Instructions for the task> Using the entries that follow, write out the line containing "18th/19th Century School", the line containing "adidas Originals mens", and every line between them, exactly and nothing else.

################

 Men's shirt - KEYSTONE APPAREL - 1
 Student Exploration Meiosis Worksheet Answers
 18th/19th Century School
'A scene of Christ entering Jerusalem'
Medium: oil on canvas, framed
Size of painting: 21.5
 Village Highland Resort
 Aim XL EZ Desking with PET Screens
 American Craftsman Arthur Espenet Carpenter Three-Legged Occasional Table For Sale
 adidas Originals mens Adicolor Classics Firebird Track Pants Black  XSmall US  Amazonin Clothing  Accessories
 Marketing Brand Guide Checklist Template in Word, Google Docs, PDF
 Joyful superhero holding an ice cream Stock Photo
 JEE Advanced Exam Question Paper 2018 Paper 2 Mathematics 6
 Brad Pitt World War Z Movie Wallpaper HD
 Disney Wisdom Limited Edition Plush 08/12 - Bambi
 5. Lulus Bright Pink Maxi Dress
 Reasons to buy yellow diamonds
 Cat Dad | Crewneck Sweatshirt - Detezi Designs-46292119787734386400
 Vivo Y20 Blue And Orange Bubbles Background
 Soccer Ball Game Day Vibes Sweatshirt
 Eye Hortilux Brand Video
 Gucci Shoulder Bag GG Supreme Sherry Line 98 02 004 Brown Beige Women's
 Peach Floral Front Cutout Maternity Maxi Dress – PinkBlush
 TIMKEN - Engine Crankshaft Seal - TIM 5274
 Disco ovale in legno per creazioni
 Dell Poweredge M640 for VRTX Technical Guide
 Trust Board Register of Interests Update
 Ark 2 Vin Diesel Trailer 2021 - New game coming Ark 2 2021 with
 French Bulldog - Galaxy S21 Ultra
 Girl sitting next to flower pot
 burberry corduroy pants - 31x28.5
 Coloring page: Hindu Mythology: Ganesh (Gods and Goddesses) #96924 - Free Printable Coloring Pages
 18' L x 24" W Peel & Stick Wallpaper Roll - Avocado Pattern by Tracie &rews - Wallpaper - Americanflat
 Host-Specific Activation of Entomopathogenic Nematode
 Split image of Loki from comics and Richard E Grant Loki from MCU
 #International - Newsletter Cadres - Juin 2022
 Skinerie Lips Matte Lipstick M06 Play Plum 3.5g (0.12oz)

################

Expected output>
 18th/19th Century School
'A scene of Christ entering Jerusalem'
Medium: oil on canvas, framed
Size of painting: 21.5
 Village Highland Resort
 Aim XL EZ Desking with PET Screens
 American Craftsman Arthur Espenet Carpenter Three-Legged Occasional Table For Sale
 adidas Originals mens Adicolor Classics Firebird Track Pants Black  XSmall US  Amazonin Clothing  Accessories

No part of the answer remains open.